Soledades
El sentimiento de soledad tiene un marcado carácter social. Sentirse solo es un modo de relacionarse,
de saberse ante los otros, de definirse en el abandono o en la huida.
Bajo el silencio de un solitario, en esa propiedad particular del
corazón que forman las inquietudes más íntimas, caben las ciudades con
sus calles y sus plazas, las carreteras con sus distancias, las noticias
del mundo con sus periódicos, sus emisoras de radio y sus televisiones…
y cualquier cosa que vuele por el cielo o que repte en el frío de un
sótano.
Los seres humanos somos un vaso de agua en el que cabe el mar. Leo la colección Haikus en el corredor de la muerte
(Hiperión, 2015) preparada por Elena Gallego y Sieko Ota. Se trata de
una colección de haikus escritos por presos condenados a la pena máxima.
Sintieron la necesidad de elaborar en tres versos, dentro de una
convención muy fijada por la cultura japonesa, su despedida del mundo.
En la puerta de la muerte, la soledad busca una forma de entenderse a sí
misma y de dejar testimonio de un sentir personal. Antes de ser
ejecutado a los 25 años, Eishun escribió: “Día de la madre, / cerrando
los ojos / veo a mi madre”. Había aprendido a escribir un año antes en
la cárcel, y quizá también había encontrado allí el calendario en el que
descubrió que hay un día del año dedicado a la madre. El tiempo, igual
que las soledades, tiene un marcado carácter social.
Hoomei, ejecutado a los 39 años, escribió: “Nombre de mi hijo, / lo
escribo y borro, / noche larga”. Como denunció Víctor Hugo, el criminal
puede tener madre, padre, hijos, pareja, y la pena de muerte los castiga
a todos, aunque no sean responsables del delito. La culpa también tiene un marcado carácter social,
y el que va a morir borra y escribe el nombre del hijo, porque sabe que
llevará para siempre no sólo su ausencia, sino la marca de una
ejecución. ¿Tiene algún sentido, preguntaba Víctor Hugo, que la sociedad
acuerde penas que se desdoblan como un eco y castigan a los inocentes?

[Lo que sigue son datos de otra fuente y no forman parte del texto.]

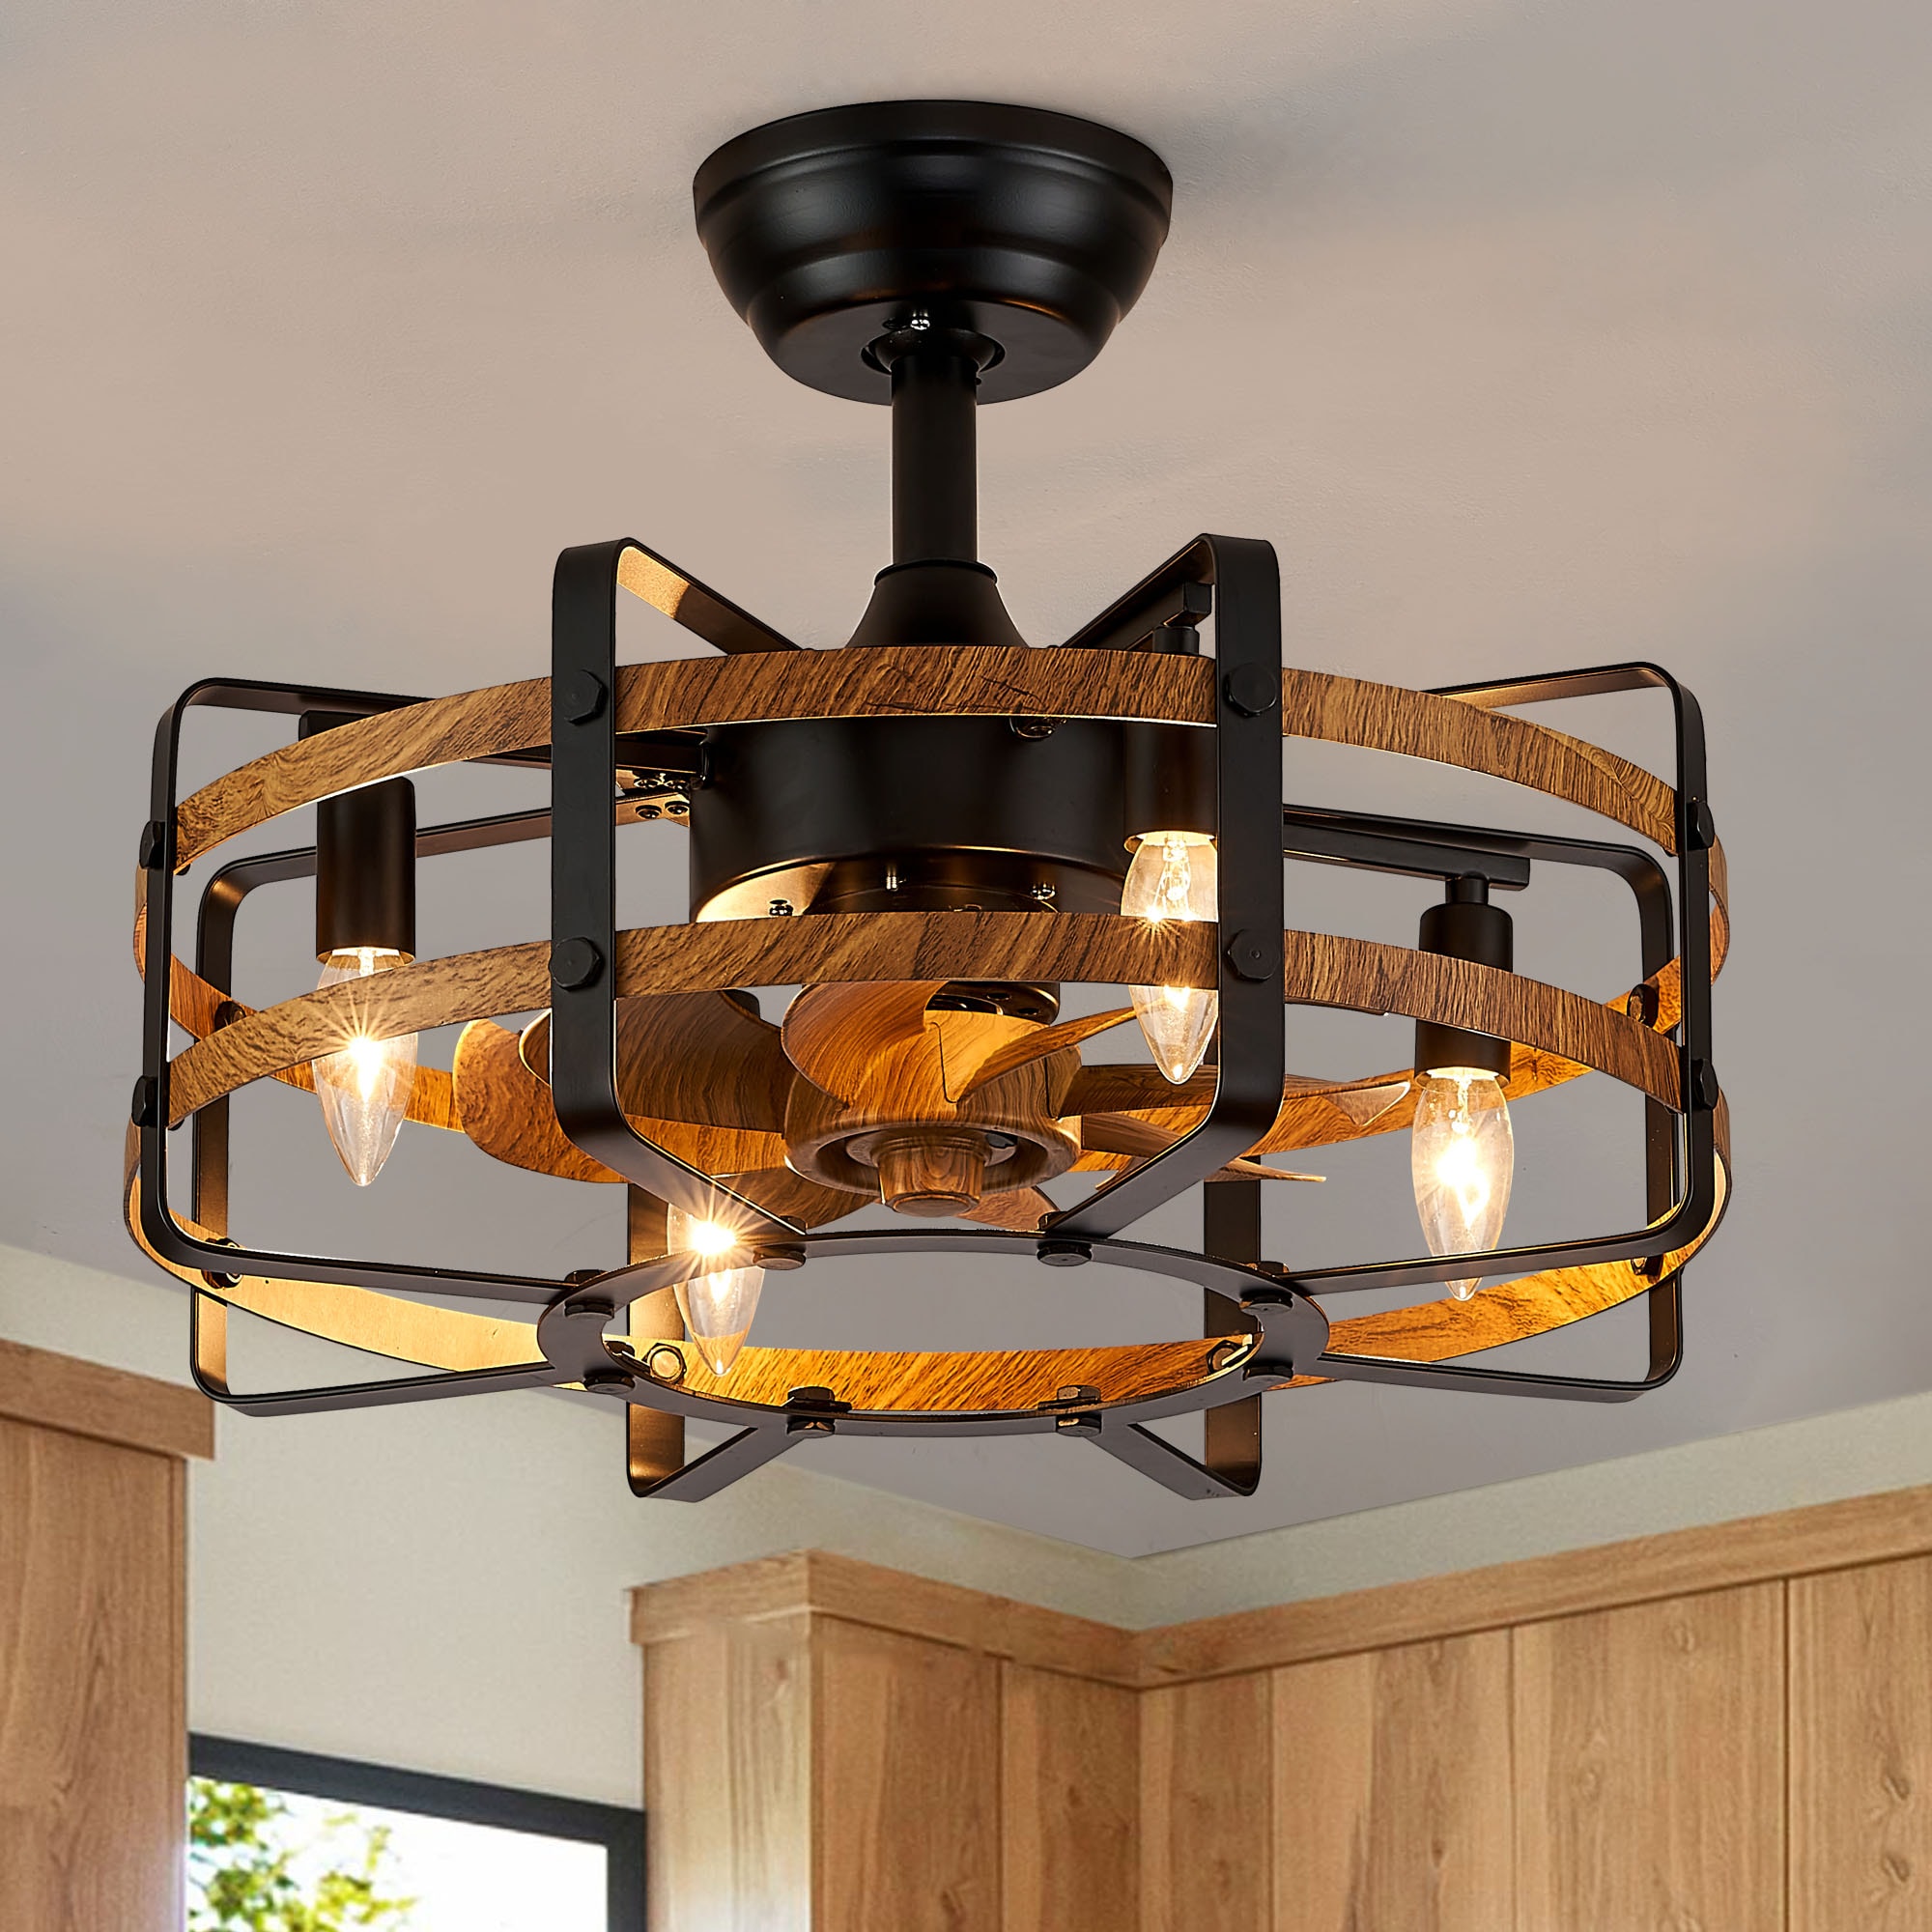 Antoine Modern in at Black Cage Fans Grain Remote Fan and Wood Indoor Ceiling Ceiling Fandelier department Low the 20-in Profile Farmhouse (8-Blade)

La mano dura es una mano muy imprecisa, cortar por lo sano, pero en el
cuerpo de otros.
“Muérete, / me susurro yo mismo. / Luna velada”, escribió Tenmin con
poco más de 20 años. Era cuestión de tiempo, de culpa o desesperación,
de miedo o de noche reconciliada, mientras la luna se oculta y anticipa
una despedida total. Los ciclos de la luna han enseñado al ojo humano a
nacer, llenarse, menguar y desaparecer sobre la cuerda del tiempo. Sólo un condenado sabe lo que es una pena de muerte.
Sólo el parado sabe lo que es su paro. Sólo el enfermo sabe lo que es su
enfermedad. Sólo el hambriento sabe lo que es su hambre. Sólo el desahuciado sabe lo que es su desahucio
como experiencia humana. Pero en la soledad de sus experiencias cabe el
mundo entero, sus leyes y sus rumores, igual que en los tres versos de
un haiku cabe la noche larga, el viento primaveral, el bambú, la nieve
que se derrite, el horizonte inmenso o la hormiga.
“En la ventana de la celda / a una hormiga confieso / mi arrepentimiento”, escribió Yoshimitsu, ejecutado a los 77 años. La dignidad y el amor propio piden ayuda a la poesía,
o a una larga y consolidada tradición social en la cultura de Japón,
para dialogar con la culpa, la desolación y la muerte. Cada soledad está
habitada por los demás. El sentenciado, el hambriento, el desahuciado,
el enfermo y el parado están solos con su destino, pero en esas
soledades puede sentirse el calor o el frío, el silencio o la palabra,
el abandono o la solidaridad, la crueldad o la compasión, la oscuridad o
la luz. Hay un tejido humano que llega a vestirnos incluso en los
momentos más desnudos.
Por eso las palabras del haiku pasan con facilidad del sentenciado al
que sentencia, de la soledad personal a la sociedad tumultuosa y viva.
Justo antes de su ejecución a los 28 años, Kooyoo escribió: “El agua se
templa. / No se me puede quitar / la suciedad de las manos”. Eso es lo
que muchas personas piensan y sienten al ver una pena de muerte, un desahucio, un enfermo desasistido, una población condenada al paro y a la incultura.